Lorentz invariance is a fundamental principle in physics that states that the laws of physics should be the same for all observers in uniform motion. This means that the laws of physics should not change when viewed from different perspectives, as long as those perspectives are moving at a constant velocity.

## 2. What is the Minkowski metric?

The Minkowski metric, also known as the Minkowski spacetime, is a mathematical construct that describes the geometry of spacetime in special relativity. It is a four-dimensional space with three spatial dimensions and one time dimension, and it uses a signature of (-1, 1, 1, 1) to represent the spacetime interval between two events.

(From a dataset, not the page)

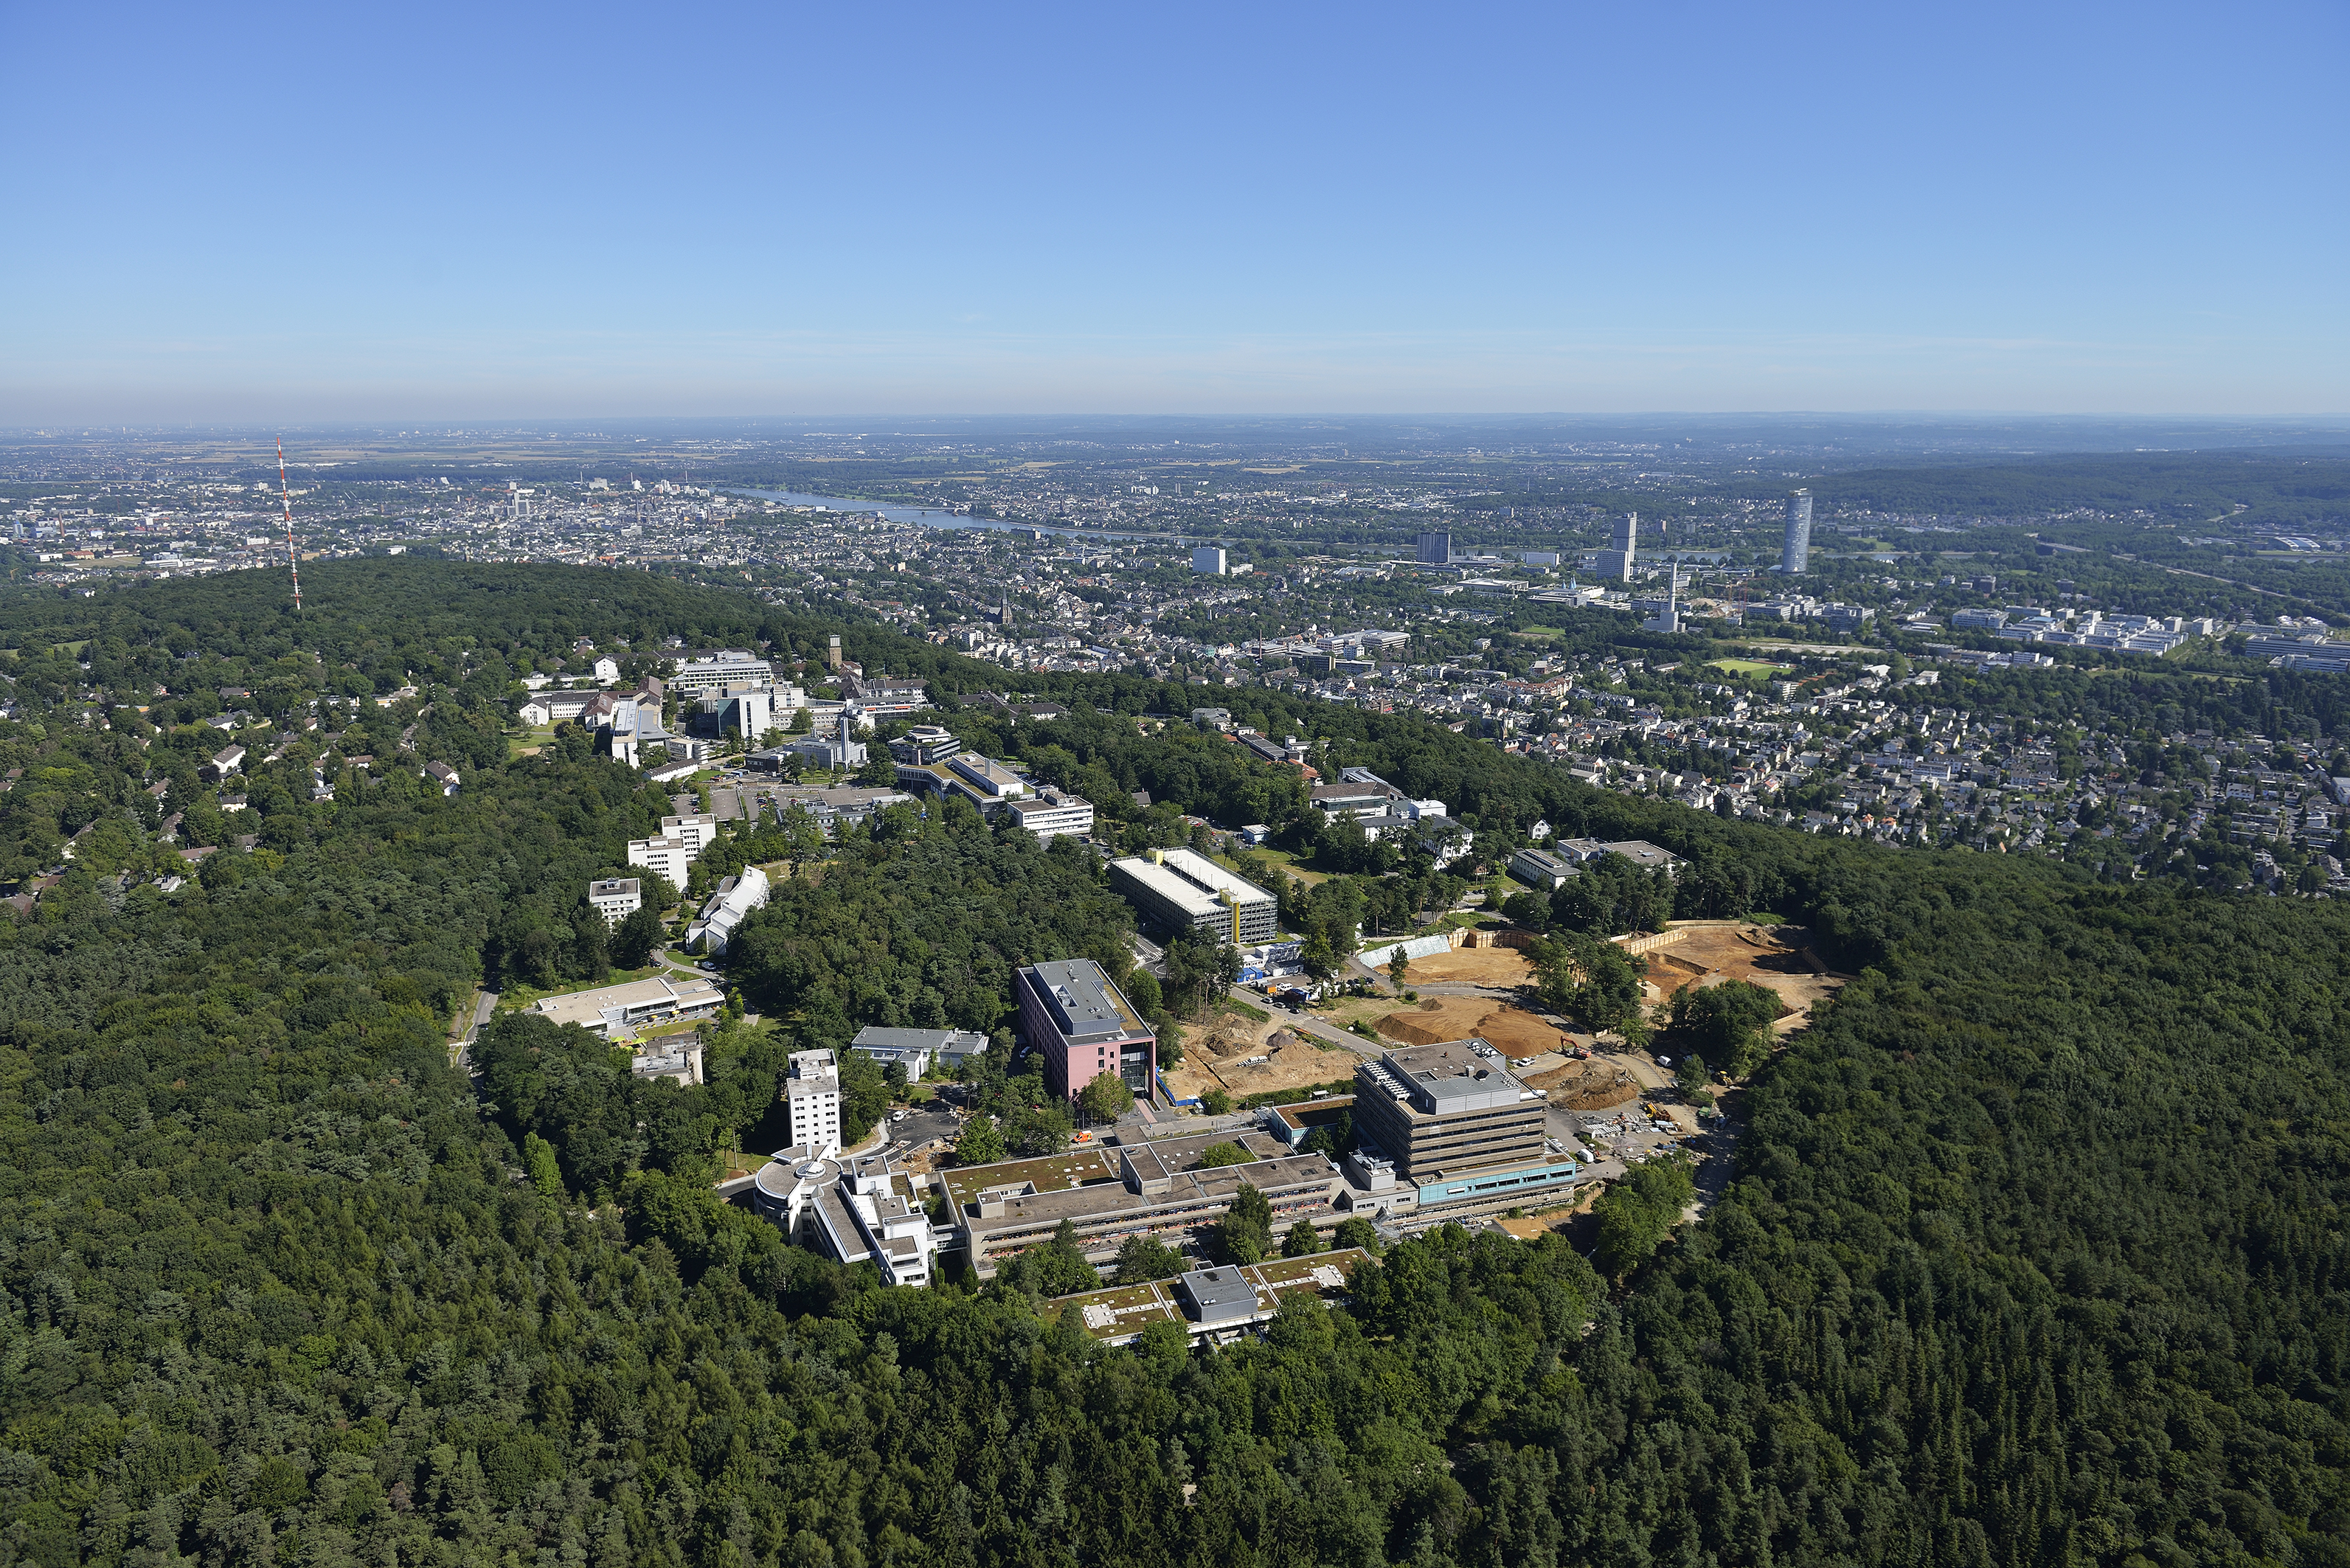 Luftbilder des Uniklinikums Bonn vom 2013-08-01

## 3. How does the Minkowski metric relate to Lorentz invariance?

The Minkowski metric is used to describe the spacetime interval between two events, and it remains invariant under Lorentz transformations. This means that the Minkowski metric is a fundamental tool for understanding the principles of Lorentz invariance.

## 4. Why is Lorentz invariance important?

Lorentz invariance is important because it is a fundamental principle that underlies many physical theories, including special relativity and the Standard Model of particle physics. It also has important implications for the behavior of matter and energy at high speeds.

## 5. What are some examples of experiments or observations that support Lorentz invariance?

Some examples of experiments and observations that support Lorentz invariance include the Michelson-Morley experiment, which showed that the speed of light is constant regardless of the observer's motion, and measurements of particle decay rates, which have been found to be consistent with Lorentz invariance at high energies.